Now we need to load in the content and style images and send them to the device as well. 

In [10]:
# send both images to the device
content = image_load("content1.jpg").to(device)
style = style_image.to(device)

# extract the feature maps from both of the images
features_content = select_features(content, vgg_model)
features_style = select_features(style, vgg_model)

Using the feature extraction function we defined earlier, we'll used the pretrained model to get the features for both the content and style images. We'll then get the gram matrix for the style features.

In [11]:
# compute the gram matrices for the style layers
style_grams = {layer: gram_matrix(features_style[layer]) for layer in features_style}

We now have to create a third image that will be transformed into our target image tensor. We can either create a random image or copy the content image.

In [12]:
# Create an image to transform, make random image
target_image = torch.randn_like(content).requires_grad_(True).to(device)

We've selected the features for the style and content images, but since the network didn't compute weights we'll have to specify these ourselves. We need the weights to finally retrieve the loss for the content and style images. 

We'll select mutiple convolutional layers and give them weights, this is because the different layers define different portions of the style, or contribute in different ways to its representation. Since there are different style layers, we can define the style weights individually. We'll use a multiplicative weight scheme for the different layers
meaning we can edit these values and tune the style artifacts to our liking.

In [13]:
# define the style weights individually
style_image_weights = {'conv1_1': 0.75,
                 'conv2_1': 0.5,
                 'conv3_1': 0.2,
                 'conv4_1': 0.2,
                 'conv5_1': 0.2}

We also need something that tracks the weight of the individual loss terms for content and style.

In [14]:
# track individual loss terms for content and style
content_weight = 1e4
style_weight = 1e2

We're almost ready to start the training process. In terms of handling the loss for the content, it is just MSE Loss between the feature map responses of both the content image and target image. Meanwhile, the style loss is similar but the feature maps are replaced by the divided gram matricies while the MSE loss is divided by the total number of elements in the respective feature map. Before we create the training loop, we'll choose an optimizer to use. The Adam optimizer should work fine in this instance.


In [15]:
# declare the optimizer we're going to use

optimizer = optim.Adam([target_image], lr=0.01)

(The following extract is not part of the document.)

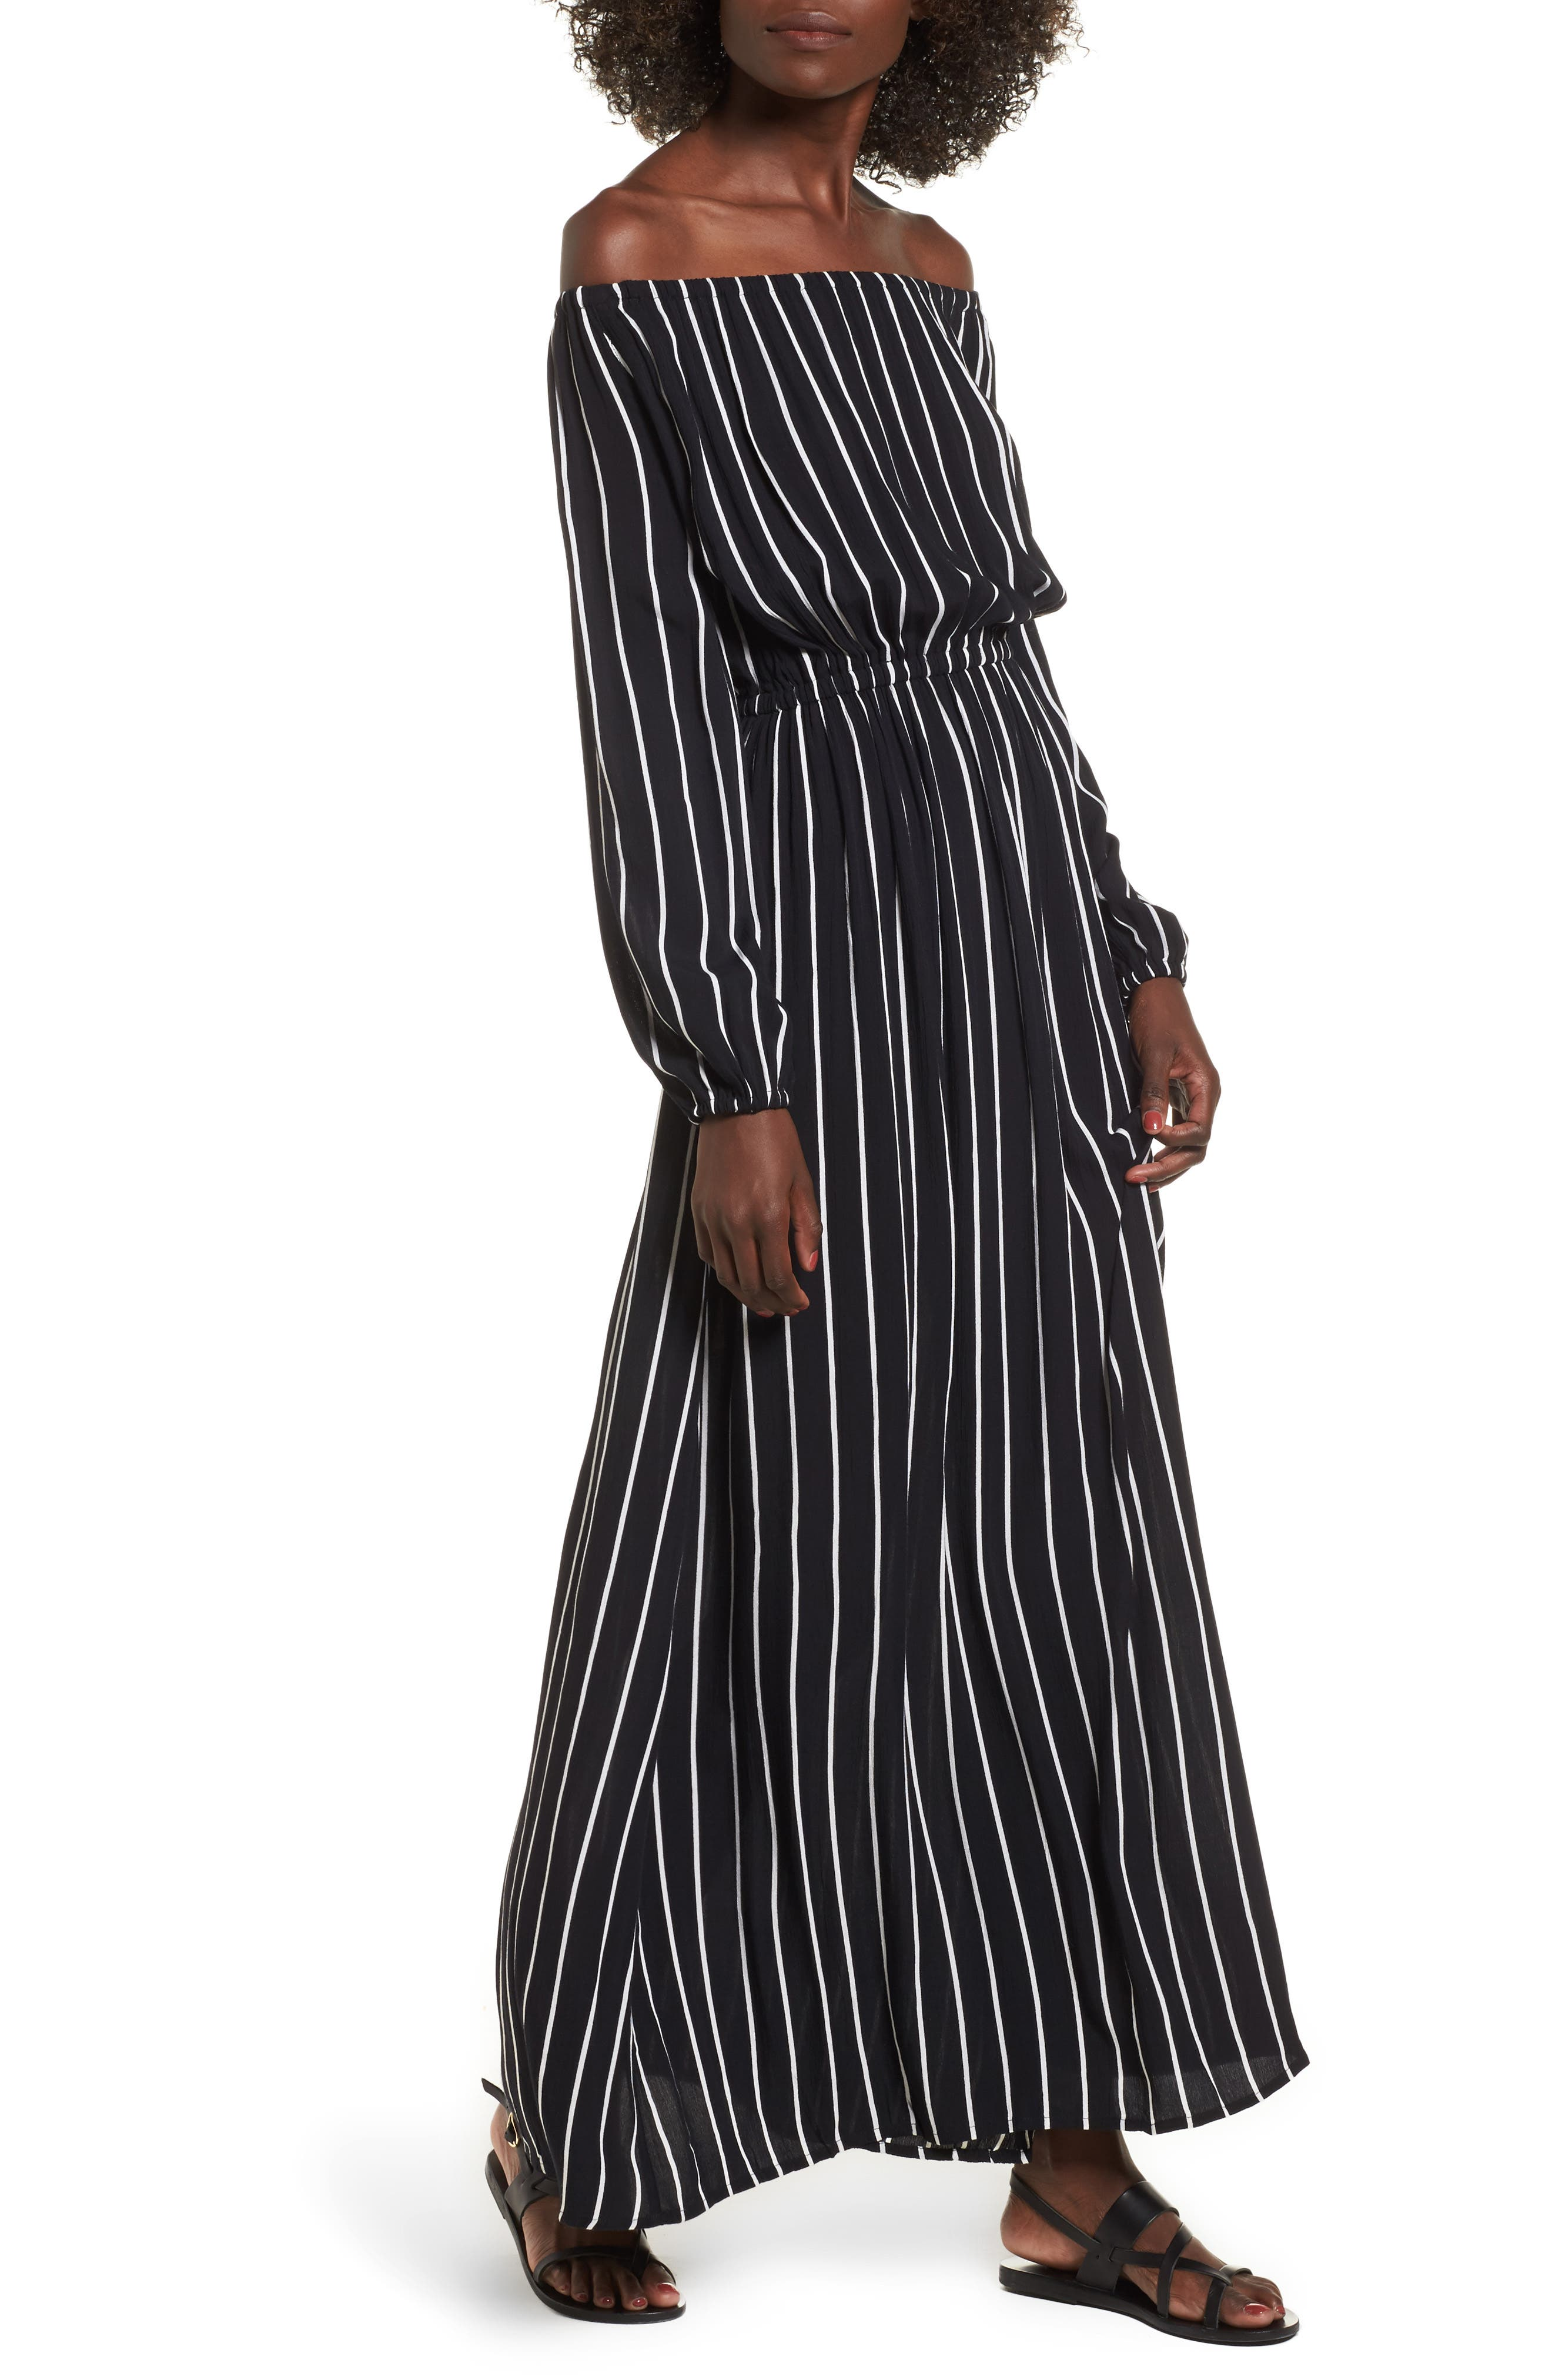 Crystal Ball Off the Shoulder Maxi Dress,                         Main,                         color, Black

After we decide how many iterations we want to run the training cycle for, we'll crate the transformation loop. The loop computes the losses for style and content, multiplies the losses by the weights, and then sums them together to get the total loss.

After the total loss is calculated, backpropogation is done and the valuee of the pixels are updated until the iterations are done.

In [16]:
for i in range(1, 6000 + 1):

    optimizer.zero_grad()

    # get the features from the target image and model
    target_features = select_features(target_image, vgg_model)

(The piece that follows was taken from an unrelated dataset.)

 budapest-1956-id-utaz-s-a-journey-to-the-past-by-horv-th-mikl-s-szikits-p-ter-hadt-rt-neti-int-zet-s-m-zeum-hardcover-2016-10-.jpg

    # compute contnet loss
    content_loss = torch.mean((target_features['conv4_2'] - features_content['conv4_2']) ** 2)

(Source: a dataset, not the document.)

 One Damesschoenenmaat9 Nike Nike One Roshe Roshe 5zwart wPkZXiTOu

    # set inital style loss to zero
    style_loss = 0

    # get the individual target features
    for layer in style_image_weights:
        target_feature = target_features[layer]
        # compute the gram matrix
        target_gram = gram_matrix(target_feature)
        # find the shape of the target feature
        _, d, h, w = target_feature.shape
        # get the style gram of the current layer
        style_gram = style_grams[layer]
        # compute the loss for the current style layer
        layer_style_loss = style_image_weights[layer] * torch.mean((target_gram - style_gram) ** 2)
        # update the total style loss
        style_loss += layer_style_loss / (d * h * w)

    content_loss = content_weight * content_loss
    style_loss = style_weight * style_loss
    total_loss = content_loss + style_loss
    # do backprop and optimize
    total_loss.backward(retain_graph=True)
    optimizer.step()

    # every 50 iterations, print out statistics
    if i % 50 == 0:
        total_loss_rounded = round(total_loss.item(), 2)
        # proportion of loss belonging to content
        content_fraction = round(content_weight*content_loss.item()/total_loss.item(), 2)
        # proportion of loss belonging to style
        style_fraction = round(content_weight*content_loss.item()/total_loss.item(), 2)
        # Print the current iteration and both the content and style loss
        print('Current Iteration: {}, Total loss: {} - (content: {}, style {})'.format(i, total_loss_rounded, content_fraction, style_fraction))

Current Iteration: 50, Total loss: 40195.97 - (content: 1400.77, style 1400.77)


KeyboardInterrupt: 

Now that the training is finished, the final image can be saved to a variable.

In [None]:
# now we can carry out our training and create the final image
created_img = image_convert(target_image)

Now let's visualize the output.

In [None]:
# now let's visualize the image
fig = plt.figure()
plt.imshow(created_img)
plt.axis('off')
plt.savefig('shinkawa-lastofus.png')